→ **Description of the task**
Would you return, word for word, the lines running from the one with "Powermama logo Core restore Blauw en groen" to the final line of the listing below, pictures omitted?

→ **Dataset content**
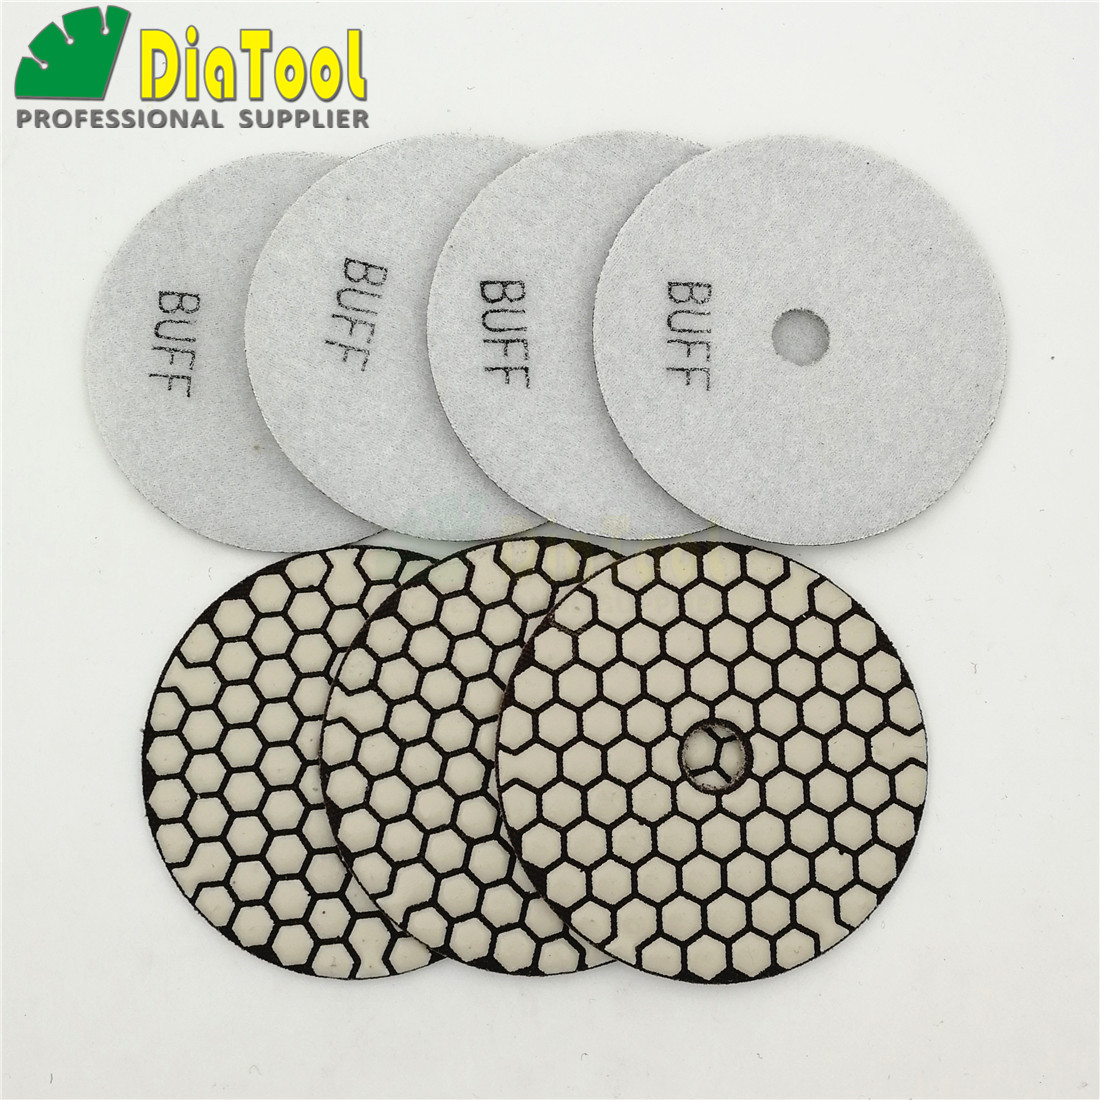 SHDIATOOL 7Pcs 4 Inch Dry Diamond Polishing Pads White Buff for Granite Marble Stone
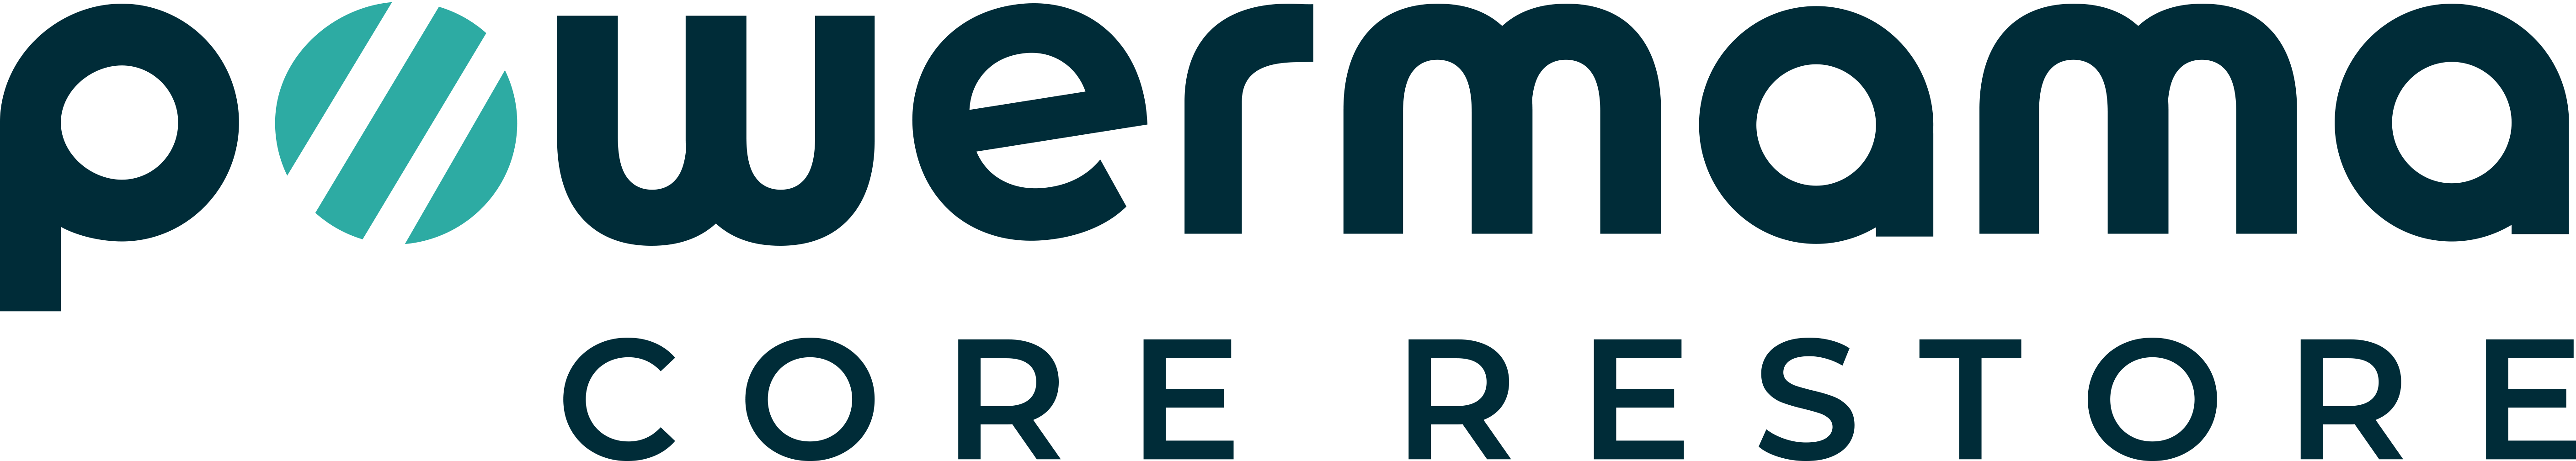 Powermama logo Core restore Blauw en groen
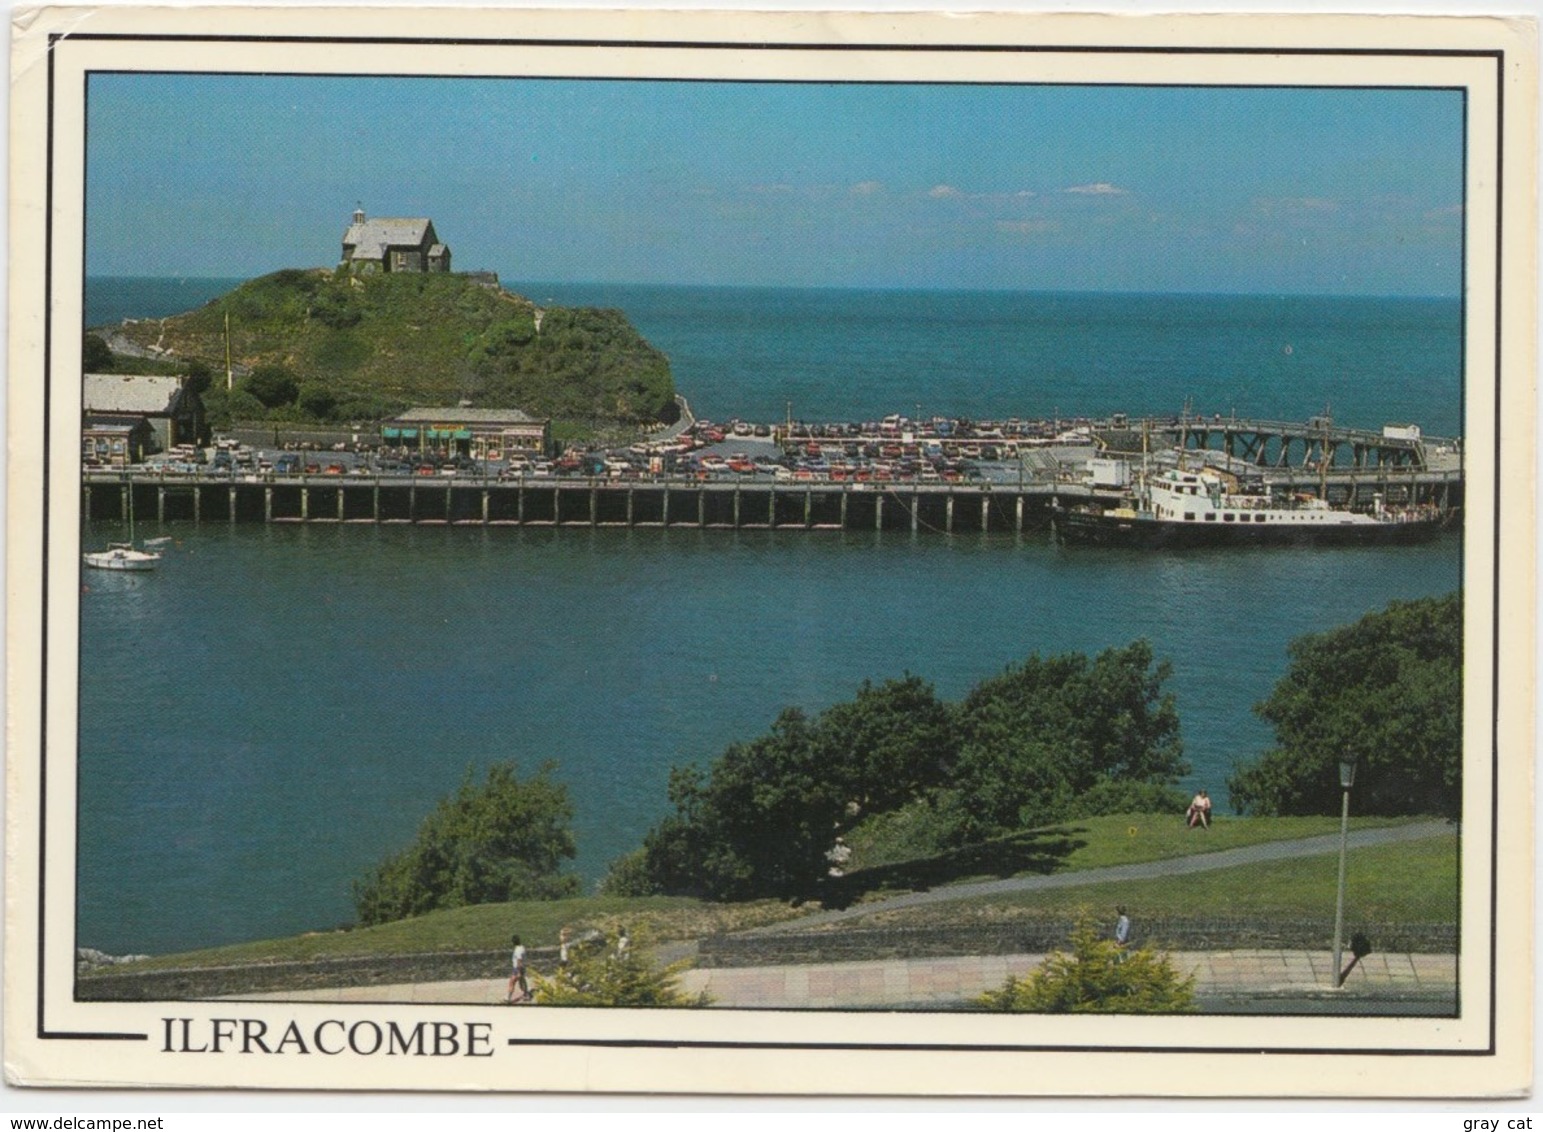 United Kingdom, ILFRACOMBE, Used Postcard [21314] - Ilfracombe

→ **Result**
 Powermama logo Core restore Blauw en groen
 United Kingdom, ILFRACOMBE, Used Postcard [21314] - Ilfracombe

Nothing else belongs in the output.